After alcoholic fermentation, they draw off “all the good juice” into one tank and load the press.
'It’s a power tool that we use'One of the most important things for Izele is “tasting that final wine that drips out of the skins... because that basically is the heart of the wine.”
Sometimes she leaves the skins in the press overnight “and I let it drip for the whole night and then the next morning you’ve got 500L of this magic juice that you can add to all the different blends because it’s so concentrated. It’s a power tool that we use.”
Since the 2016 vintage, the reds have switched from screwcap closures to high-quality cork.
“It was more a marketing team decision than a winemaking decision, but I agree with them,” she says. “All the wines were very reductive and we used to decant them for an hour or two before you could actually drink a glass. I’m a firm believer in screwcaps but if you’re paying £50 for a bottle of red wine, you want to open it with a corkscrew.”
For her, the three most important things are:
- Understanding your vineyards and blocks, so you can choose the right picking date for optimum ripeness;
- Managing the pH by adding tartaric acid immediately the grapes arrive in the cellar to get the pH as low as possible, so you don’t need a lot of sulphur and you improve your ageing potential by 10-15 years. For whites, she says, the ideal pH is 3.2, for reds it’s 3.3-3.5;
- Barrel selection – 95% French oak of 300L and 500L capacity plus 5% new American oak to bring “that sweet sensation” to the Pinotage and Shiraz. “I don’t want to taste the oak, it needs to treasure all the fruit and varietal expression.” She says she spends as much time tasting with coopers as she spends in the winery and vineyard.
- At university Izele was told not to do whole bunch or natural ferments with Pinotage because it’s got high volatile acidity, so for the past two years she’s been making it ‘traditional style’. This vintage, she also made it “Pinot Noir style without too many punchdowns or pumpovers” and also a ‘wild child’ version – “50% whole bunch, natural ferment and I work it really hard – and it’s so amazing, you get lovely sour cherry flavours and the volatility was lower than both of the other tanks. But it’s just too powerful to put it 100% in a bottle, so I just add like 5% of that to the blends.”

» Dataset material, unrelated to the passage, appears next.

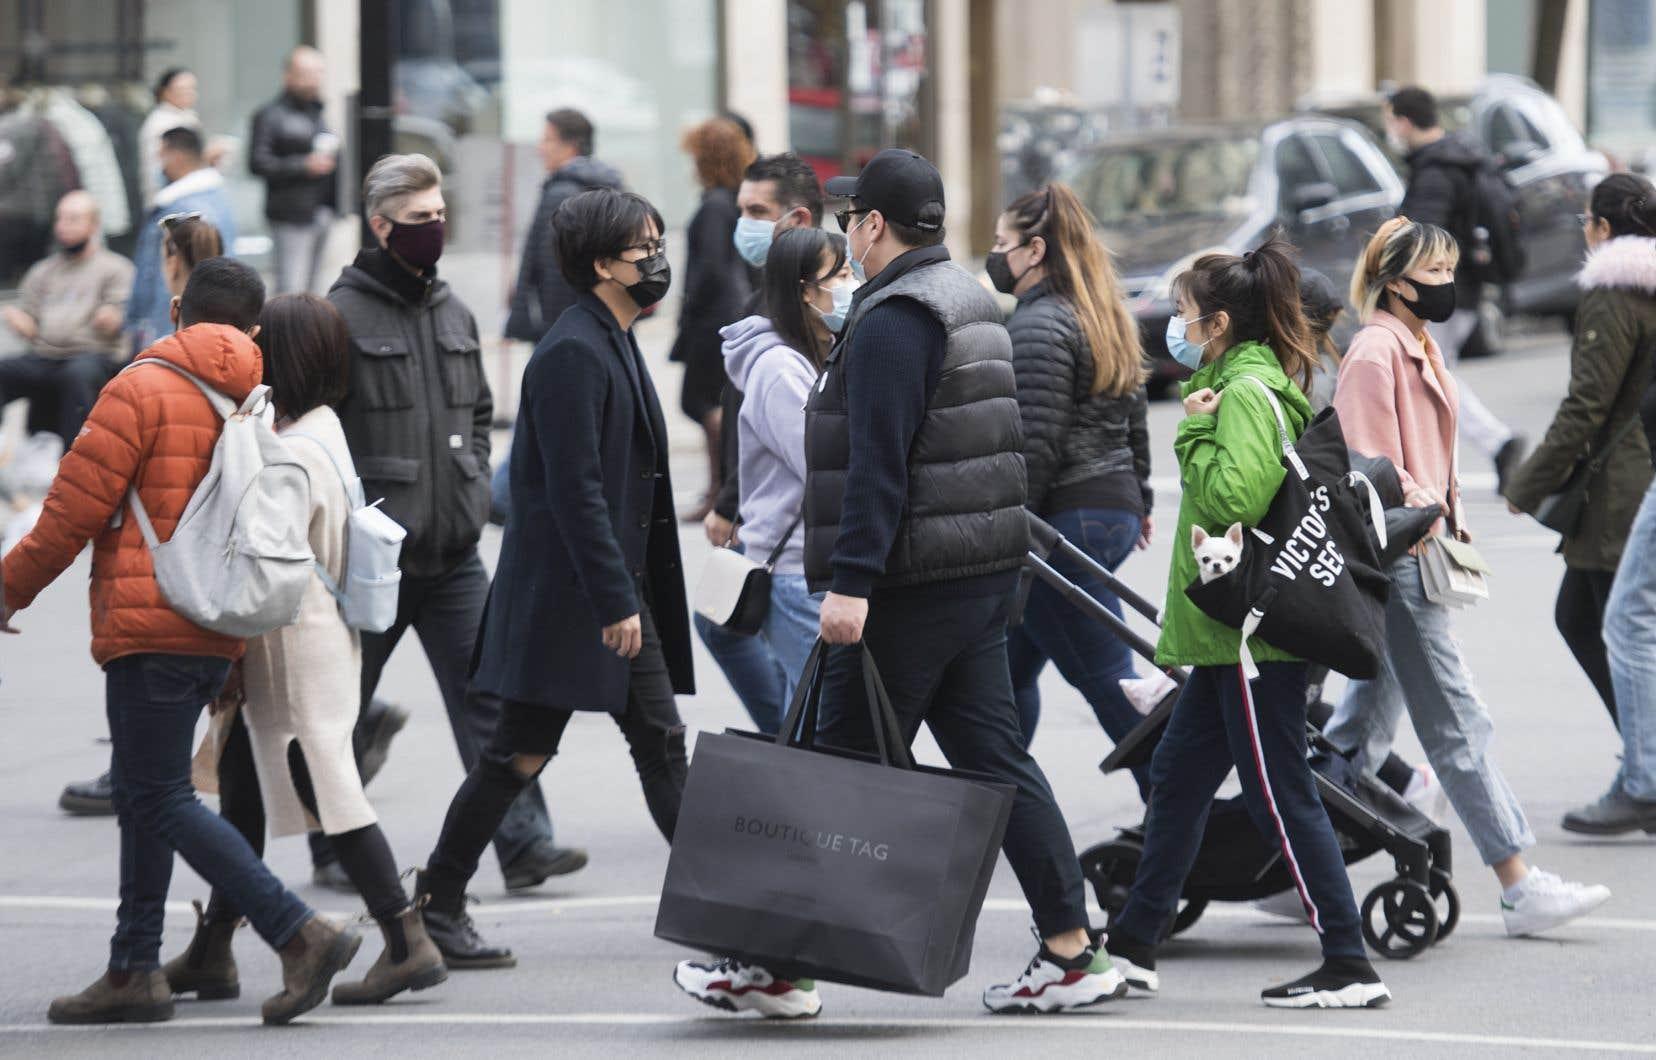 «Il est tout simplement impossible de penser que tous les immigrants auront un niveau de français suffisant pour utiliser ces services après seulement six mois au Québec», estiment les signataires.
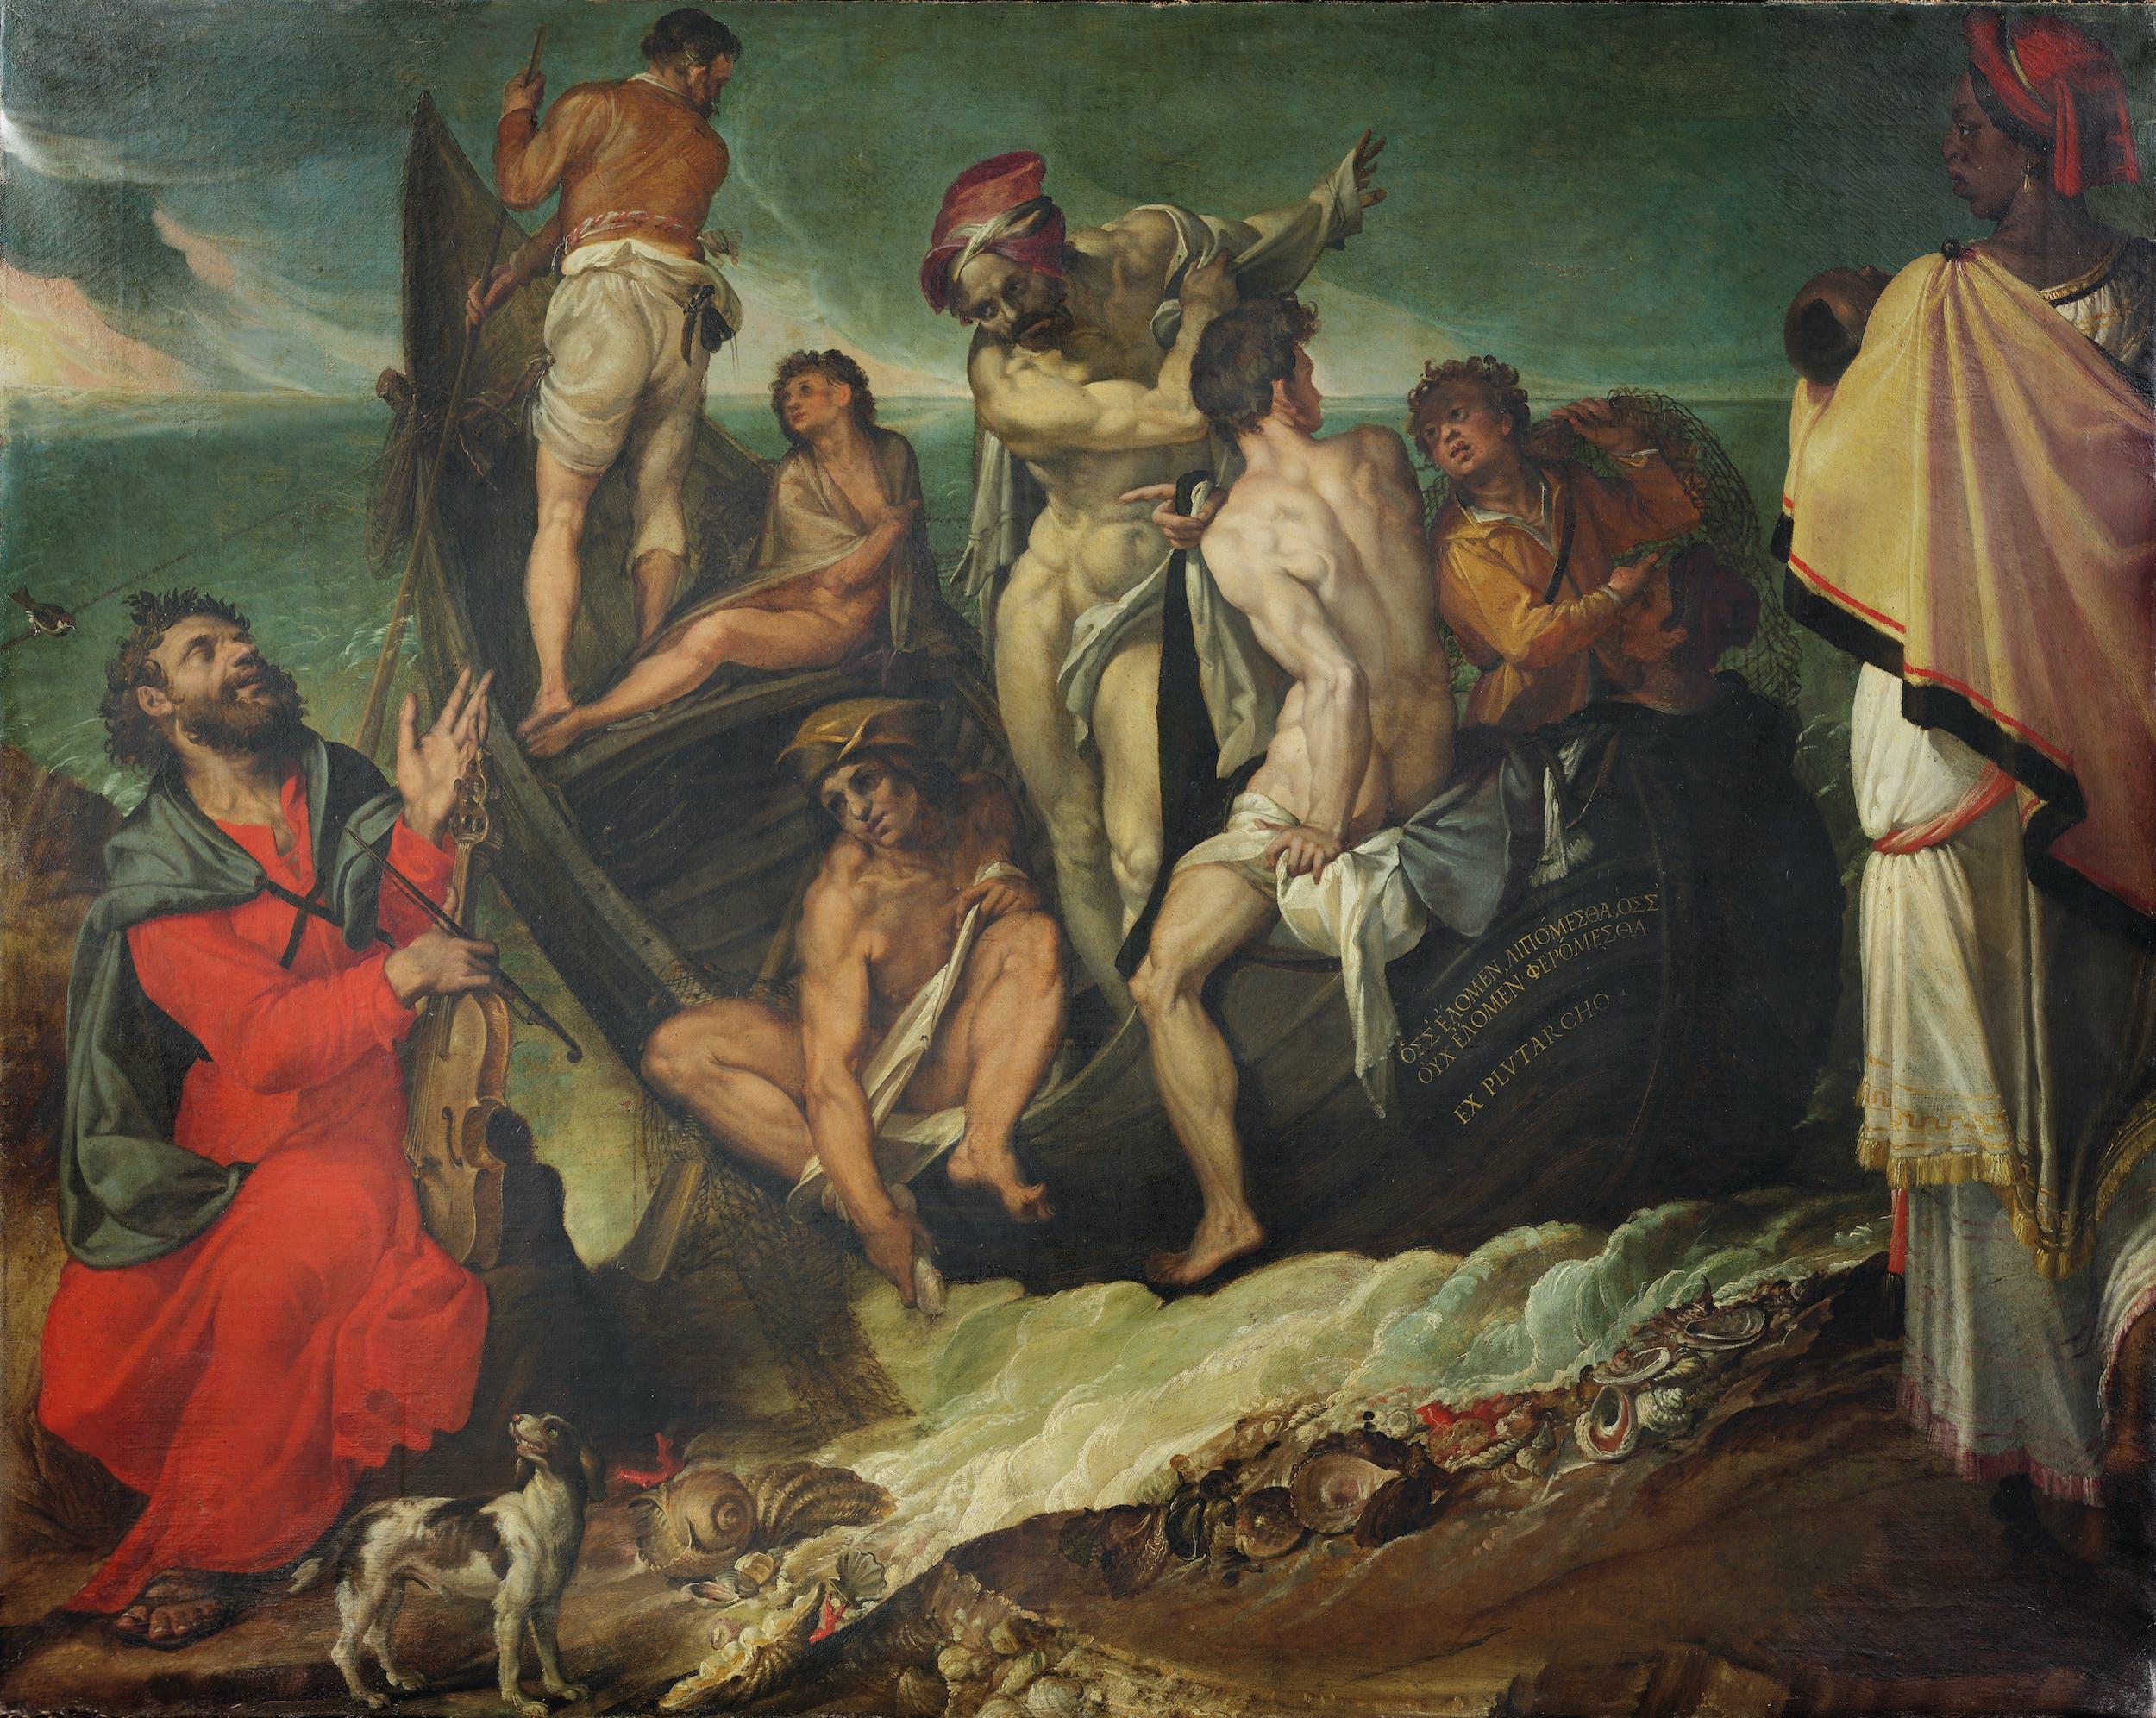 Bartolomeo Passerotti (Bologna, 1529-1592)  L'enigma di Omero  1570-1575 circa  Olio su tela  cm 120 x 144

- To add colour to a light red varietal, she will toss three or four bucketloads of pressed Malbec skins into the ferment and mix during a pumpover.
- She adds 5% Viognier into a Shiraz fermentation to give it a “bit of lift”.
- In another Shiraz tank after fermentation, she topped it up, closed it with no sulphur for three months. When she opened it up, the skins had practically disintegrated “and you had this pitch-black wine coming out and it was amazing how the mouthfeel is so concentrated”.
- For Sauvignon Blanc, she mixes the fine lees slowly for two or three days to get the methoxypyrazines or thiols higher.
- She took “the fluff off the Sauvignon Blanc” and added it to the Chenin Blanc “to help with the mouthfeel”.
- To ensure it is native yeasts at work, they crush some grapes in the vineyard, put them in a plastic bag and hang the bag on a post for a truck driver to collect with the harvested grapes. They add the contents to the tanks “if the driver hasn’t drunk the juice”.
- With the latest release of Chenin Blanc, 40% underwent natural fermentation and 60% was inoculated. But it wasn’t all classic inoculation – she didn’t rehydrate the yeast for some batches; she simply tipped the packets into the barrels to help finish the fermentation. “It brings something different to the wine.”